Work to strengthen the UK’s ability to manage soil more sustainably is starting to bear fruit. Andrew Blake reports
That adding organic matter (OM) increases soil fertility has long been appreciated. But determining the best sources of that material, how much is needed on specific soils and how it should be applied to maximise crop yields is the thrust of ongoing research, part-funded by AHDB.
Adding OM not only supplies plant nutrients – it helps improve soil structure, explains Andy Whitmore, of Rothamsted Research, who is leading the work.
“It does this, partly we think, by feeding earthworms, fungi and other organisms to create a better environment for crop roots to explore the soil for water and nutrients.”
Practical spin-offs include lower fuel consumption and longer working windows, especially in wet seasons, he adds.
The four-year research project*, begun in 2012, has triggered further work involving other funding sources, for example from Sustainable Agriculture Research and Innovation Club (SARIC), to see how long the benefits of added OM last once applications stop.
“One of the things we’ve found is that a little organic matter can go a long way,” says Dr Whitmore.
This has been highlighted by a draft sensor fitted between tractor and plough working plots receiving various types and rates of added OM in long-term experiments on Rothamsted’s Broadbalk field.

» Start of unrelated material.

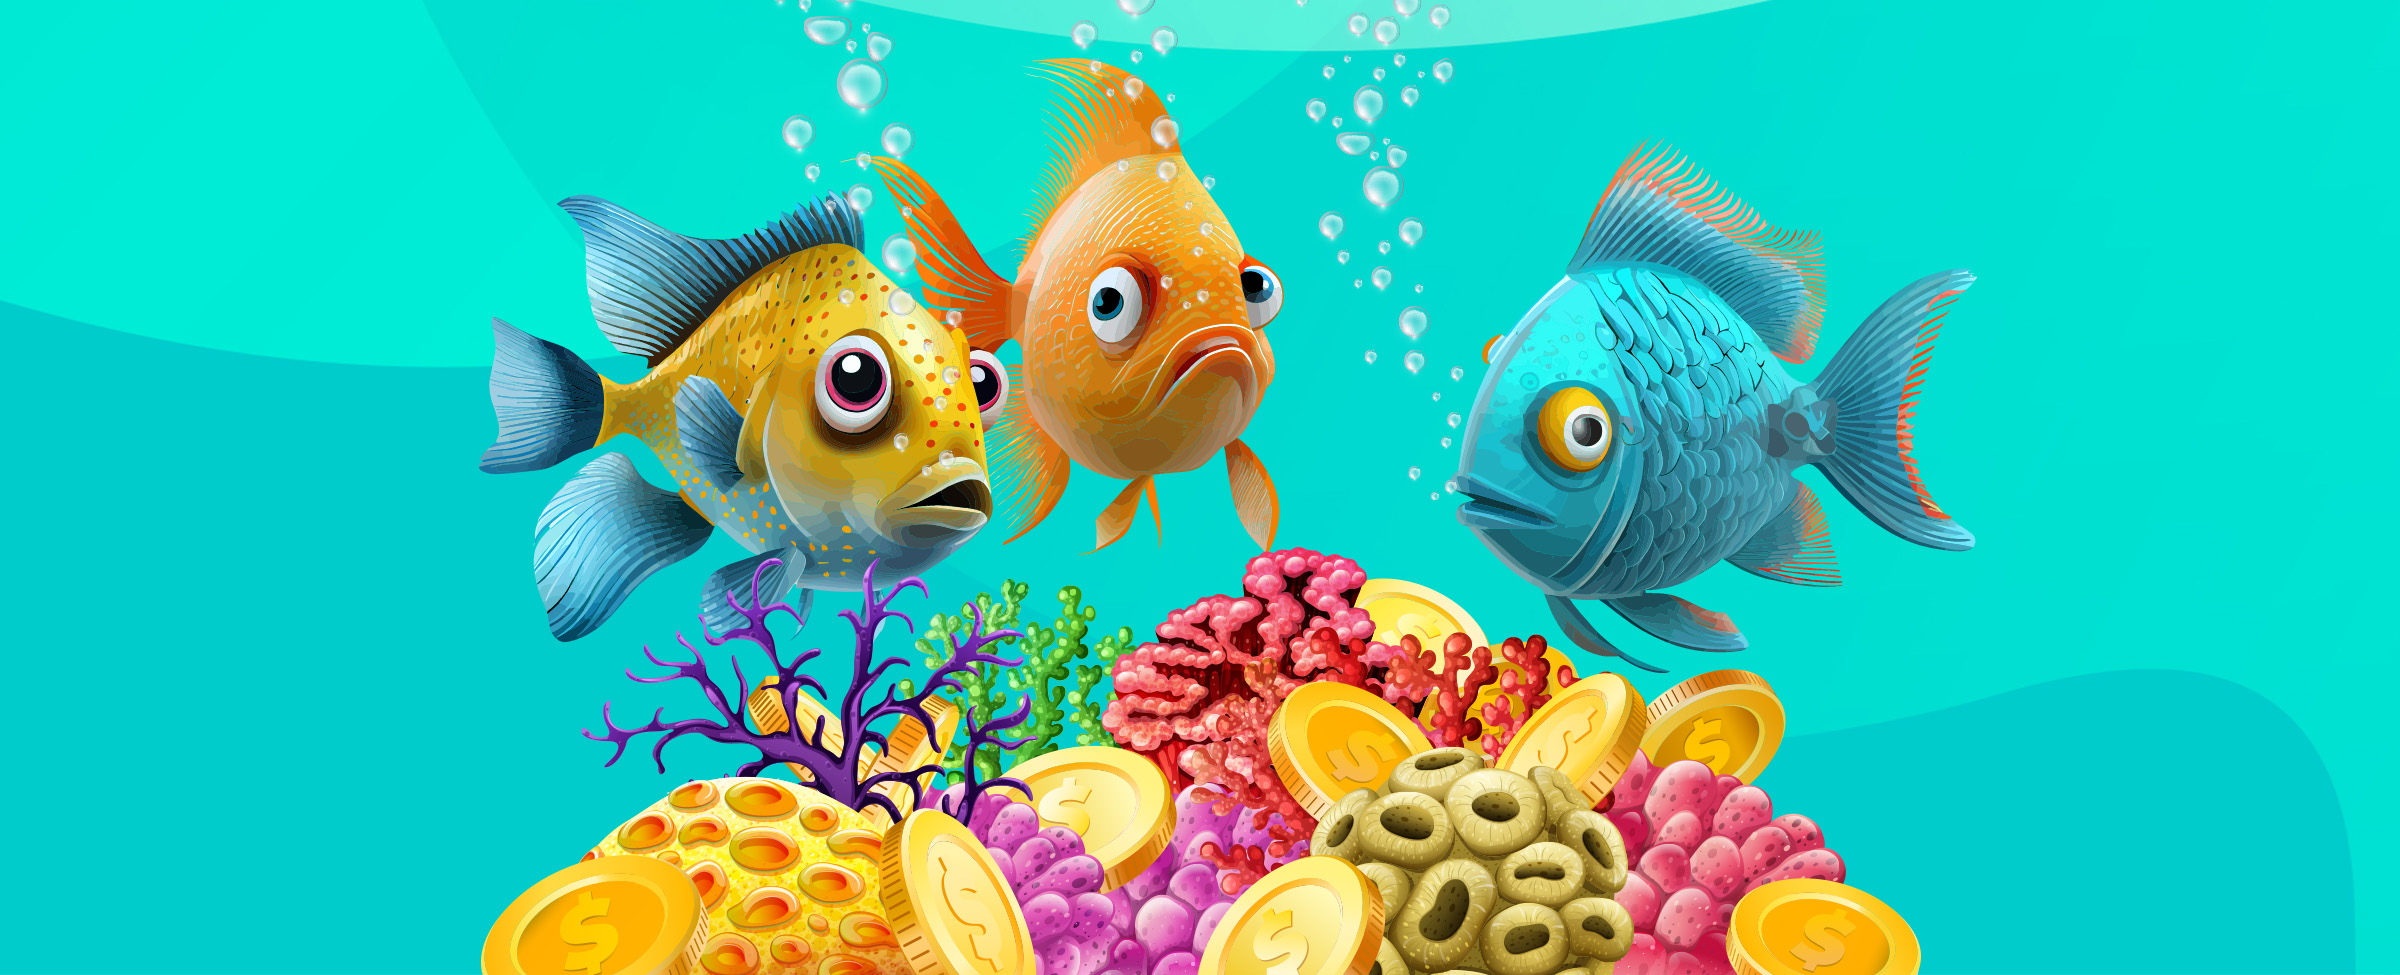 Three large, animated goldfish swim above bright coral in an aqua colored aquarium.

“As we expected, the plots which had a lot of organic matter had lower draft than the plots which had had none in their history,” says Dr Whitmore. “But it was interesting the plots which had had only a little bit, from crop residues and things like that, also had quite low draft forces – almost as low as those on plots with very high rates of added organic matter.”
The Broadbalk experiment, which started in 1843, amends soil with quite large amounts of farmyard manure (FYM), he adds.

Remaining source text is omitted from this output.